Trees, unlike animals have a fixed physical location and throughout their life experience ontogenetic and environmental changes. During development changes in size, shape and wood properties occur for both environmental and ontogenetic reasons. These changes are observed in trends of many physical and chemical wood properties having evolutionary function in mechanical stability and a host of other necessary requirements for survival. The Typical Radial Pattern (TRP) of Micro-Fibril Angle (MFA) and density has been argued to exist to provide superior mechanical stability by some while others have suggested the pattern exists for hydraulic function (see \citet{meinzer_frederick_2011} for a review). The aim here is to investigate alternative, unobserved radial patterns of MFA and density with respect to mechanical stability utilizing existing wood property data for green core- and outer-wood (sourced from \citet{Davies_2016}) to form mathematical mechanical system models which are sloved using Finite Element Modeling as an analytical tool.

While MFA contributes to the stiffness of the cell wall, basic density measures the amount of cell wall in the tissue. Therefore overall mechanical wood properties rely on both features. Wood properties within ’normal’ stems tend to follow TRP \citep{meinzer_frederick_2011}. MFA reduces while density increases from the pith to the periphery of the stem. Note that this is not universal and some species and individuals do not necessarily follow the pattern completely.

Wind is one of the most important mechanical loads \citep{timell_compression_1986-2}. Wind loading can cause mechanical failure making the tree worthless in a commercial sense. A substantial amount of research on predicting wind throw and wind damage risk for commercial species has been conducted \citep{ancelin_development_2004, peltola_mechanistic_1999, mayer_windthrow_1989, gardiner_comparison_2000, dunham_crown_2000}. These models do not investigate the structural failure within the tree, but attempt to identify how likely failure is to occur in a particular environment.
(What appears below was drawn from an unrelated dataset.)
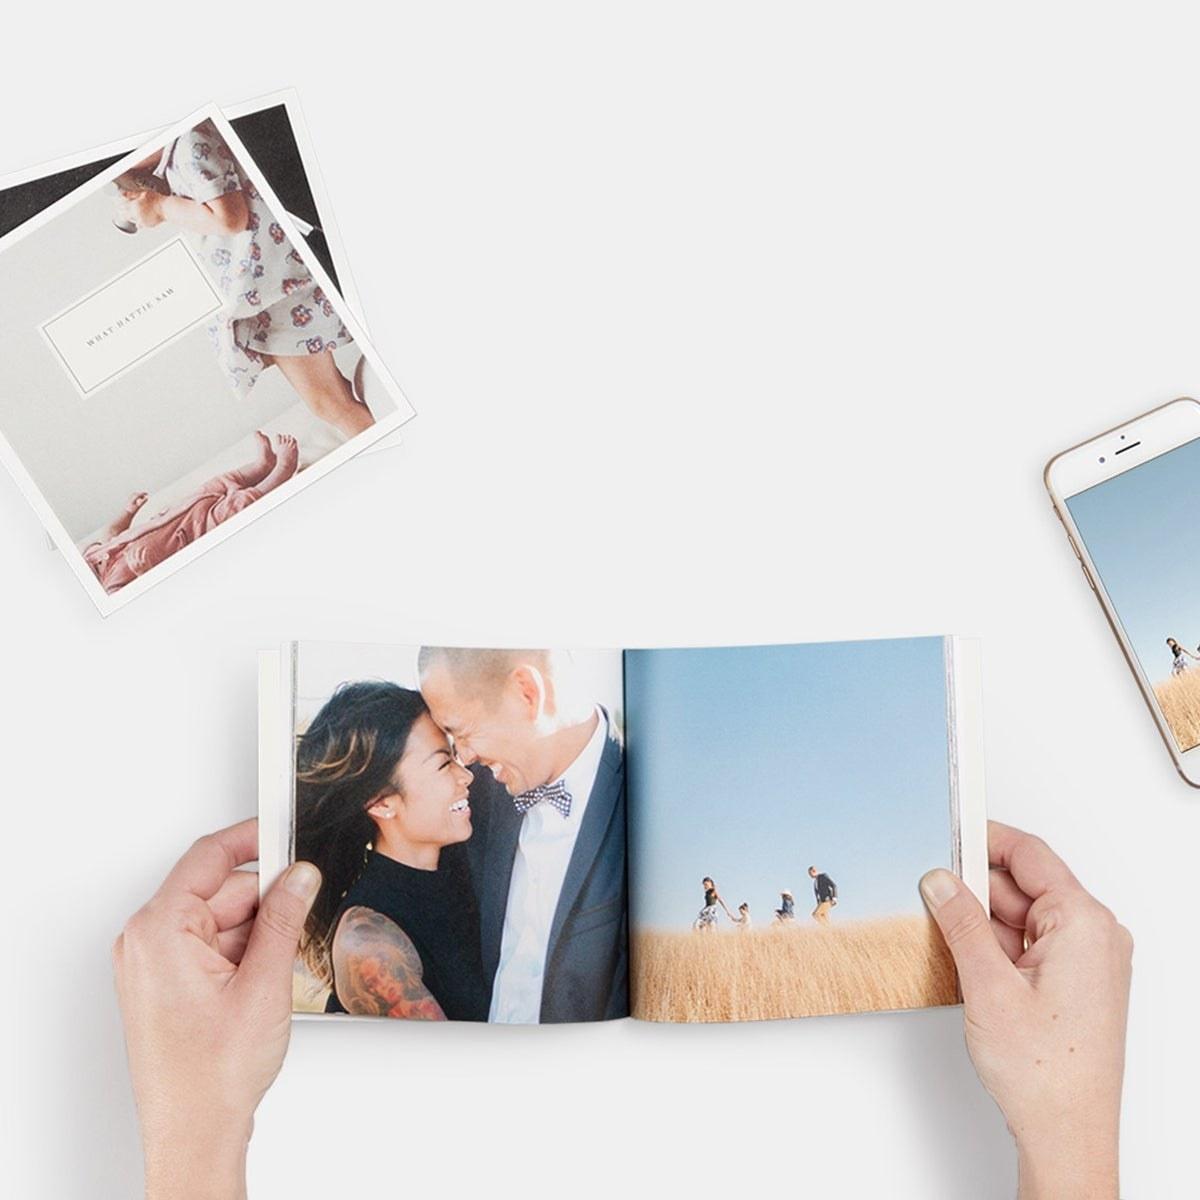 a model holding a small square photo album

Wind also has less obvious effects. Continued wind loadings from a prevailing direction can cause reaction wood production in order to compensate for this loading \citep{timell_compression_1986-2}.

Over the last century or so there have been a number of suggested explanations for why trees grow with the observed TRP. The mechanical hypothesis which is investigated in this study, asserts that the TRP is a result of the tree needing to respond to different mechanical loadings from its environment as it grows. For a seedling, being highly flexible could be important in order to bend out of the path of animals and reduce wind and snow loads. However when the tree grows and a significant size is reached along with a large canopy greater stiffness could be an advantage in outerwood as bending becomes difficult due to the stem diameter. Note that there are other hypotheses, for a good review see \citet{meinzer_frederick_2011}. The purpose of this paper is to investigate the effect of the TRP of MFA and density on the ability to withstand wind loading.
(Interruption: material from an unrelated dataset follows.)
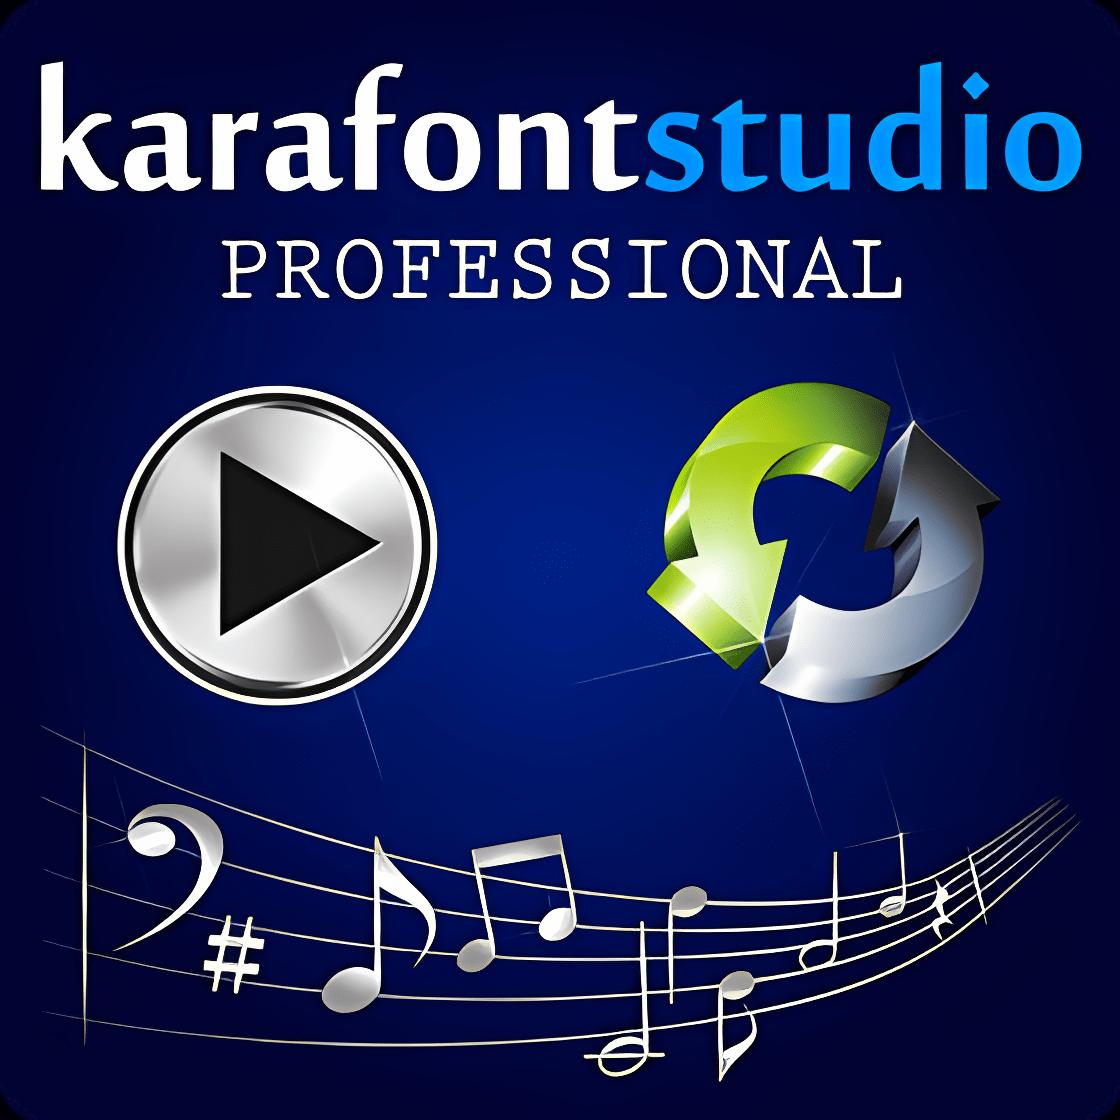 Karafont Studio Professional

Structural integrity of both greenwood and corewood have had little attention in literature at the scale of small cellular blocks. Investigating the TRP requires testing at scales small enough to separate corewood and outerwood. Classical mechanics theories have been used, sometimes in conjunction with experimental data from tree pulling and wind tunnel experiments \citep{rudnicki_wind_2004, peltola_mechanistic_1999, spatz_basic_2000}. Neither take into account changes in material properties within the stem. \citet{Davies_2016} being the only known example where all nine orthotropic elastic material constants have been reported for core- and outerwood.

Elastic deformation of a material occurs when the magnitude of loads applied to a sample are small enough that when released the sample returns to its original state \citep{Hibbeler_mechanics_2000}. Here we need to define some particular terminology and assumptions. The proportionality limit is the point at which the relationship between stress and strain stops being linear, although not necessarily elastic. The end of the elastic state is characterised by the yield point (elastic limit), after the yield point plastic (irreversible) deformation occurs, although this deformation does not necessarily result in a loss of stiffness \citep{reiterer_experimental_1999}.

It was assumed that the proportionality limit and the yield point are equal and the terms yield point, proportionality limit and failure point are used interchangeably to indicate what is strictly the proportionality limit. There is argument for and against the assumption that wood is a linear elastic material in literature \citep{mackenzie-helnwein_rate-independent_2005}. Within this work models are restricted to the limit of proportionality in order to retain simplicity.